It’s not an unreasonable assumption to make.
The jury was carefully selected to ensure that nobody on the jury would have a reason to be biased for or against Cardinal Pell or the Church. So we can assume that they tried to reach their decision as fairly as possible.
Next, they would have been made aware that they are required to find the defendant guilty with certainty, usually expressed as being beyond reasonable doubt. They will have understood that in the event of their being in any way uncertain about the correct verdict they must find the defendant not guilty. The whole criminal justice system is, quite rightly, weighted in favour of the defendant. If they think that the defendant is probably guilty but they’re not sure, they must acquit him. It is better that somebody who is probably guilty is acquitted than that somebody who is possibly innocent is convicted.

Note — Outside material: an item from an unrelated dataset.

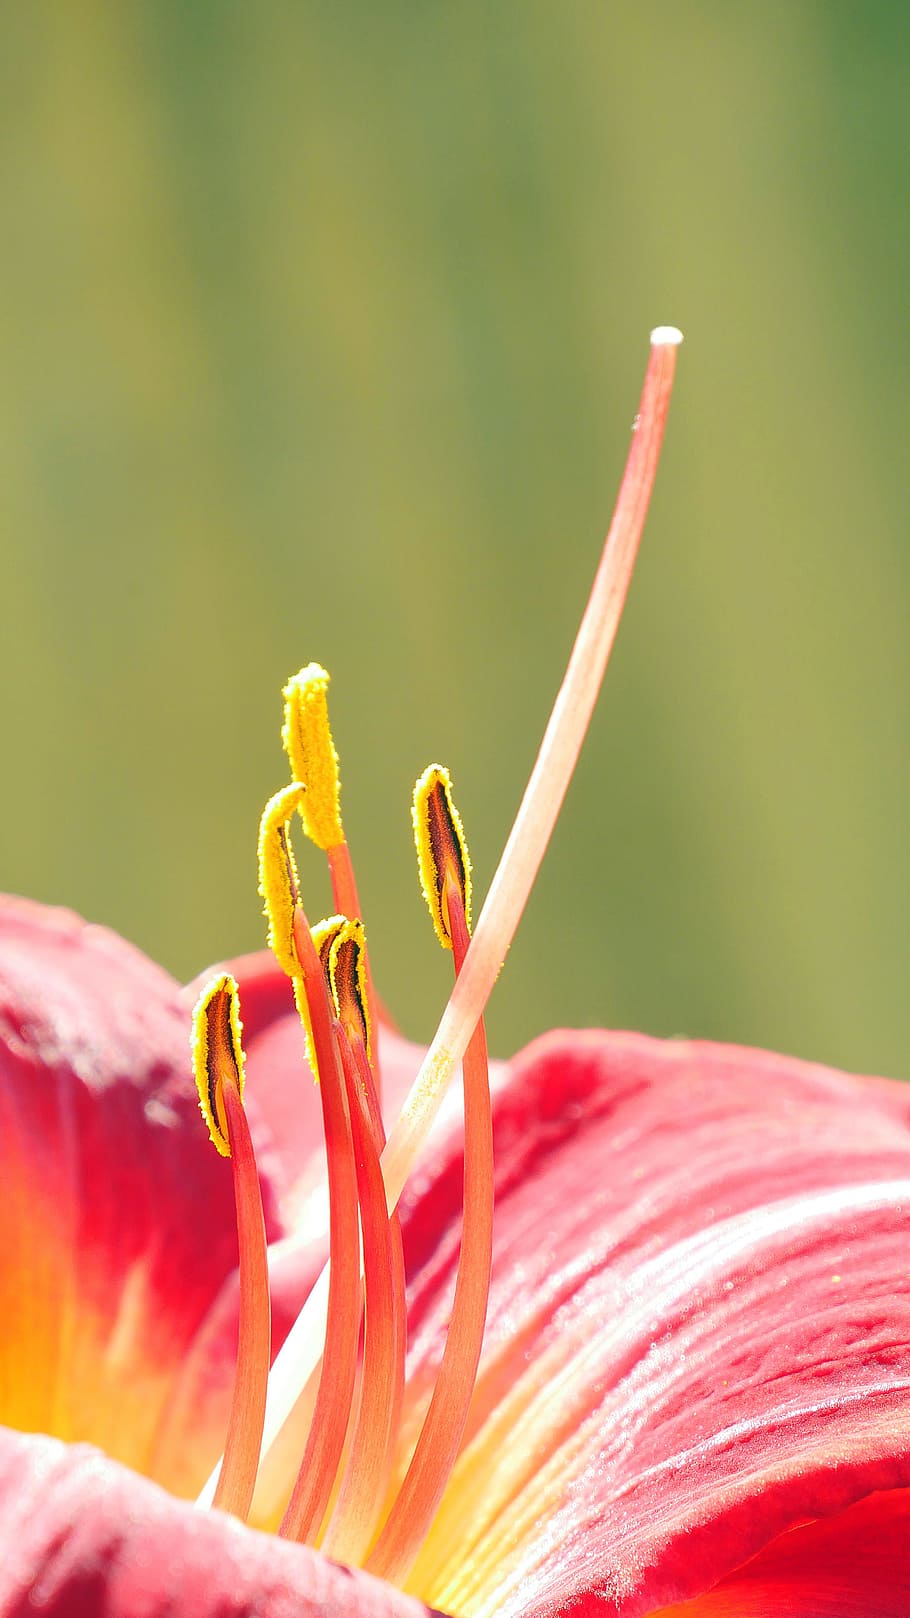 makro bagian bunga merah, daylily, waktu musim panas, taman rutgers nj usa, usa., fotografi makro, close-up, close-up ekstrim, gambar bunga, gambar putik

Somebody suggested that it was possible ‘that they were so consumed by the fear of letting a guilty man possibly go free that they became willing to stretch the evidence.’ Now, that is not the way that jury trials work. But I was suggesting that one could consider this kind of scenario: a dozen children in the local area have been kidnapped, raped, and murdered. Everyone is terrified that there is a dangerous maniac on the loose. Their own children could be next. A suspect is caught and is put on trial. The evidence against him is compelling, but there are one or two doubts: a fingerprint that was only a partial match, an alibi that just about holds water. The jury is fairly certain they’ve got the right man, but the strict letter of the law says that they must acquit. Then somebody says, ‘But what if we let him go and the very next day another child goes missing?’ And so, reluctantly, they convict. If the killings stop there, they assume they got the right man, albeit on flimsy evidence; if the killings resume, the police will reopen the investigation, and in time the wrongful conviction should be quashed. In the case of Cardinal Pell, this consideration does not pertain. He is an old man in poor health who will never be allowed near a child again, even if acquitted. Therefore ‘the fear of letting a guilty man possibly go free’ does not pertain. There is no ‘fear of letting a guilty man possibly go free’ unless you think that he could offend again. The law says that if there is a chance that a guilty man is in fact innocent he must be acquitted. The jury will have understood that.